An Ansible Role that installs a job runner - a wrapper script to execte your cron tasks, while allowing their monitoring by Prometheus.
The job runner prevents multiple execution of each job a time (uses locking per job).
node_exporter service installed, configured with (path configurable, see Role Variables):
--collector.textfile.directory=/srv/node_exporter/textfile_collector
Available variables are listed below, along with default values (see defaults/main.yml
):
runner_script_path: '/opt/bin/job-runner'
runner_user: 'jobrunner'
runner_group: 'jobrunner'
runner_id: 990
runner_gid: 990
runner_scripts_dir: '/opt/scripts'
textfile_dir: '/srv/node_exporter/textfile_collector'
Example of running sript /opt/scripts/my-check.py
(path configurable, see Role Variables) from cron, every minute, with logger tag pycheck
, asking for an alert if this script hasn't finished 300
seconds since the previous script execution finished:
Inside /etc/cron.d/jobrunner
:
* * * * * jobrunner [ -x /opt/bin/job-runner ] && /opt/bin/job-runner my-check.py pycheck 300 2>&1 | logger -t pycheck
This will produce metrics file /srv/node_exporter/textfile_collector/runner_my-check.py.prom
with similar content to:
# HELP runner_exit Exit code of runner.
# TYPE runner_exit gauge
runner_exit{script="my-check.py"} 0
# HELP runner_last Time latest run finished.
# TYPE runner_last gauge
runner_last{script="my-check.py"} 1609760085
# HELP runner_duration Duration of latest run.

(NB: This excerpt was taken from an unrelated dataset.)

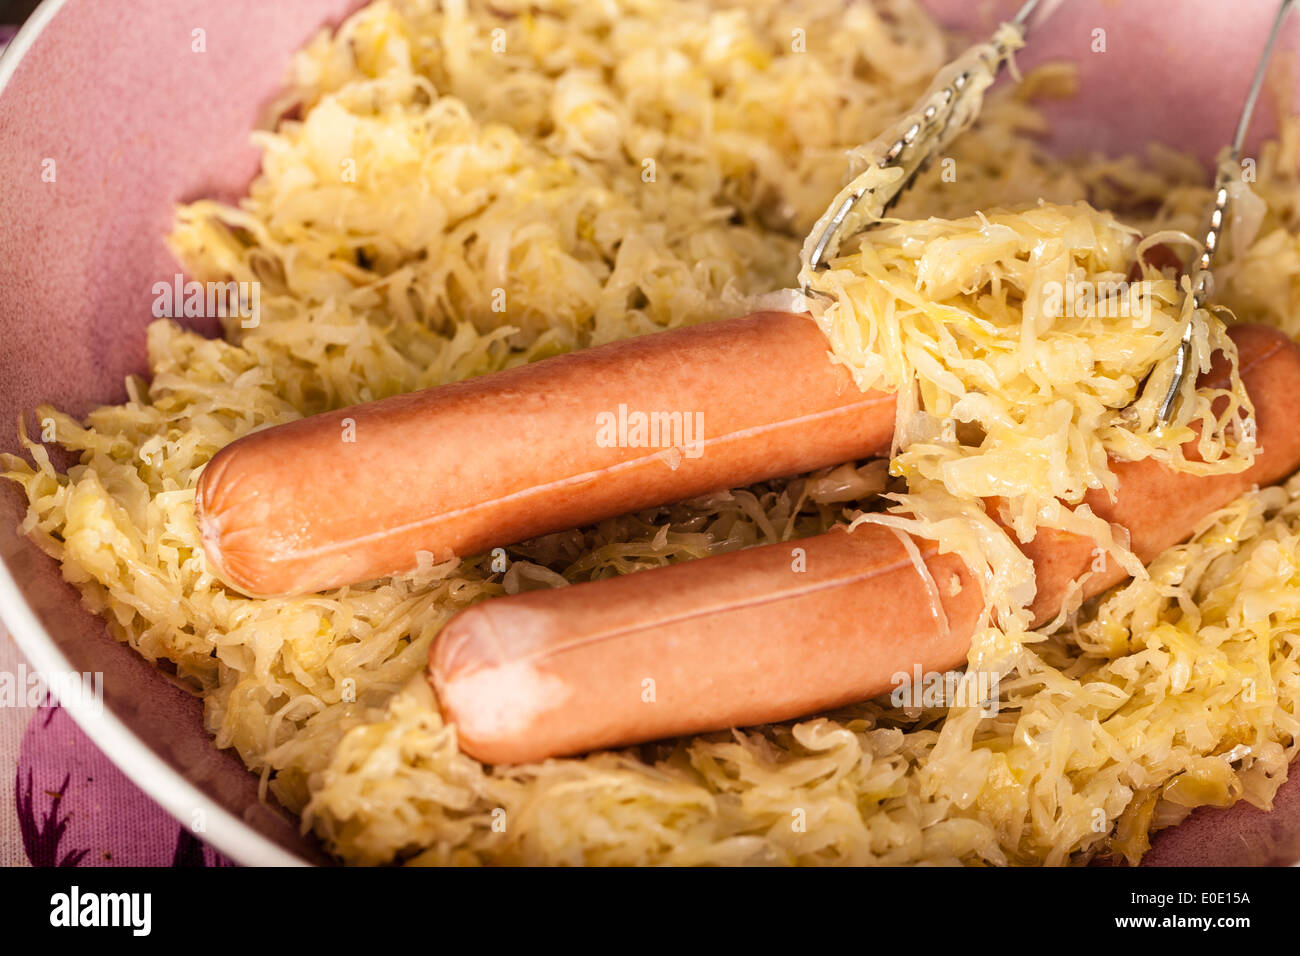 two wiener sausages in a bowl with sauerkraut Stock Photo

# TYPE runner_duration gauge
runner_duration{script="my-check.py"} 7
# HELP runner_next_run_in Expect another run within this time period.
# TYPE runner_next_run_in gauge
runner_alert_after{script="my-check.py"} 300
We can see that our my-check.py script finished at 1609760085, with error code 0, and took 7 seconds to finish. If a Prometheus is configured to scrape the node exporter on this server, these variables and their history will be available in Prometheus.
We can alert ALL cron jobs executed this way on ALL servers using this job runner for non-zero exit code using this Prometheus condition:
runner_exit != 0
We can allert ALL cron jobs executed this way on ALL servers using this job runner for not finishing for more than advertised time since the previously finished time using this Prometheus condition:
time() - runner_last > runner_alert_after
None.
- hosts: utilservers
vars_files:
- vars/main.yml
roles:
- { role: job-runner }
Inside vars/main.yml
:
runner_user: 'jobrunner'
runner_group: 'jobrunner'
runner_id: 940
runner_gid: 940
MIT / BSD
Based on / inspired by blogpost: https://phrye.com/code/periodic-monitoring/ - many thanks.
This ansible role was written by Marji Cermak - https://github.com/marji/